Di Lazzaro V, Oliviero A, Pilato F, Saturno E, Dileone M, Marra C, Ghirlanda S, Ranieri F, Gainotti G, Tonali P
Institute of Neurology, Università Cattolica, L.go A. Gemelli 8, 00168 Rome, Italy.
J Neurol Neurosurg Psychiatry. 2005 Aug;76(8):1064-9. doi: 10.1136/jnnp.2004.051334.
In vivo evaluation of cholinergic circuits of the human brain has recently been introduced using a transcranial magnetic stimulation (TMS) protocol based on coupling peripheral nerve stimulation with motor cortex TMS (short latency afferent inhibition, SAI).
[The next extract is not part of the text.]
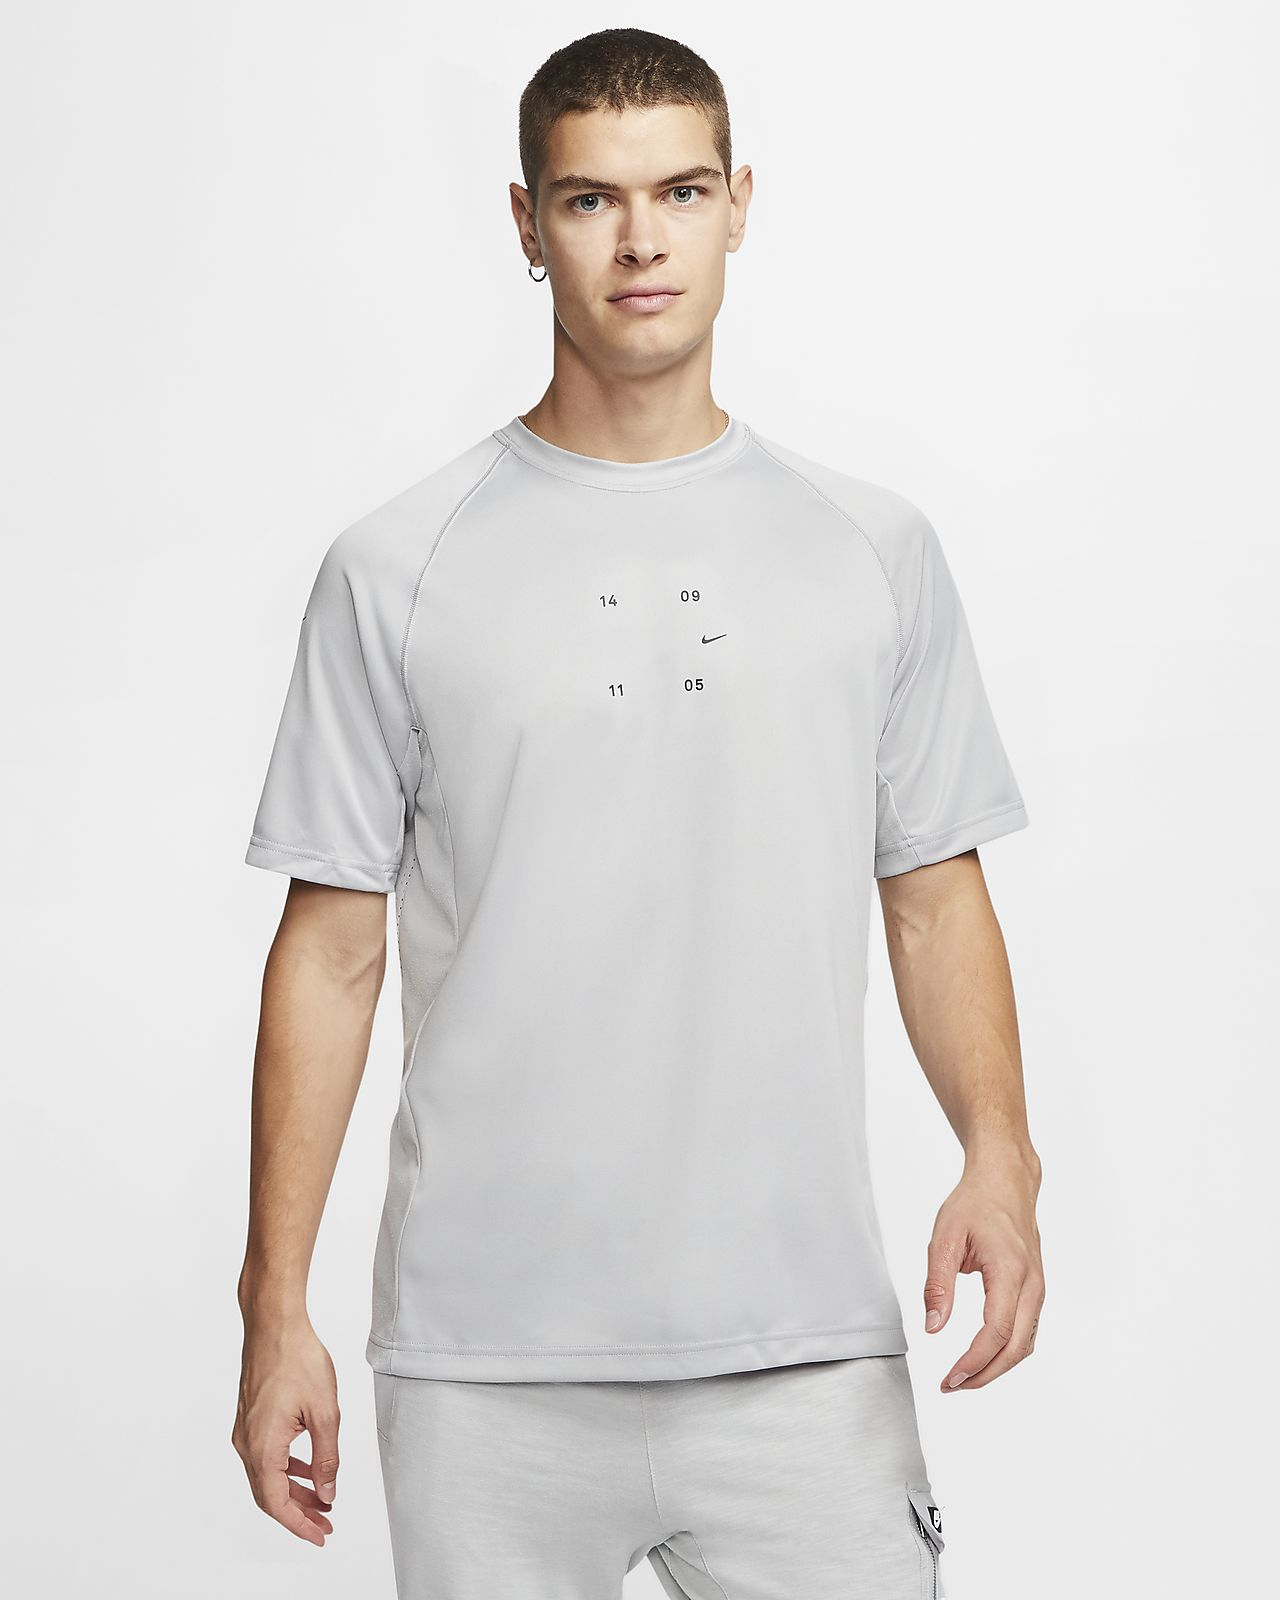 Kortärmad stickad tröja Nike Sportswear Tech Pack för män

SAI is reduced in Alzheimer's disease (AD) and drugs enhancing cholinergic transmission increase SAI.
We evaluated whether SAI testing, together with SAI test-retest, after a single dose of the acetylcholinesterase (AChE) inhibitor rivastigmine, might be useful in predicting the response after 1 year treatment with rivastigmine in 16 AD patients.
Fourteen AD patients had pathologically reduced SAI. SAI was increased after administration of a single oral dose of rivastigmine in AD patients with abnormal baseline SAI, but individual responses to rivastigmine varied widely, with SAI change ranging from an increase in inhibition of approximately 50% of test size to no change. Baseline SAI and the increase in SAI after a single dose of rivastigmine were correlated with response to long term treatment. A normal SAI in baseline conditions, or an abnormal SAI in baseline conditions that was not greatly increased by a single oral dose of rivastigmine, were invariably associated with poor response to long term treatment, while an abnormal SAI in baseline conditions in conjunction with a large increase in SAI after a single dose of rivastigmine was associated with good response to long term treatment in most of the patients.
Evaluation of SAI may be useful for identifying AD patients likely to respond to treatment with AChE inhibitors.
最近引入了一种基于将外周神经刺激与运动皮层经颅磁刺激(TMS)相结合的经颅磁刺激(TMS)方案(短潜伏期传入抑制,SAI),用于对人脑胆碱能回路进行体内评估。在阿尔茨海默病(AD)中SAI降低,而增强胆碱能传递的药物可增加SAI。
我们评估了在16例AD患者中,单剂量乙酰胆碱酯酶(AChE)抑制剂卡巴拉汀治疗后进行SAI测试以及SAI重测,是否有助于预测卡巴拉汀治疗1年后的反应。
14例AD患者的SAI病理性降低。基线SAI异常的AD患者口服单剂量卡巴拉汀后SAI增加,但个体对卡巴拉汀的反应差异很大,SAI变化范围从抑制增加约50%的测试大小到无变化。基线SAI和单剂量卡巴拉汀后SAI的增加与长期治疗反应相关。基线条件下SAI正常,或基线条件下SAI异常但单剂量口服卡巴拉汀后未大幅增加,均与长期治疗反应不佳相关,而基线条件下SAI异常且单剂量卡巴拉汀后SAI大幅增加,在大多数患者中与长期治疗反应良好相关。
SAI评估可能有助于识别可能对AChE抑制剂治疗有反应的AD患者。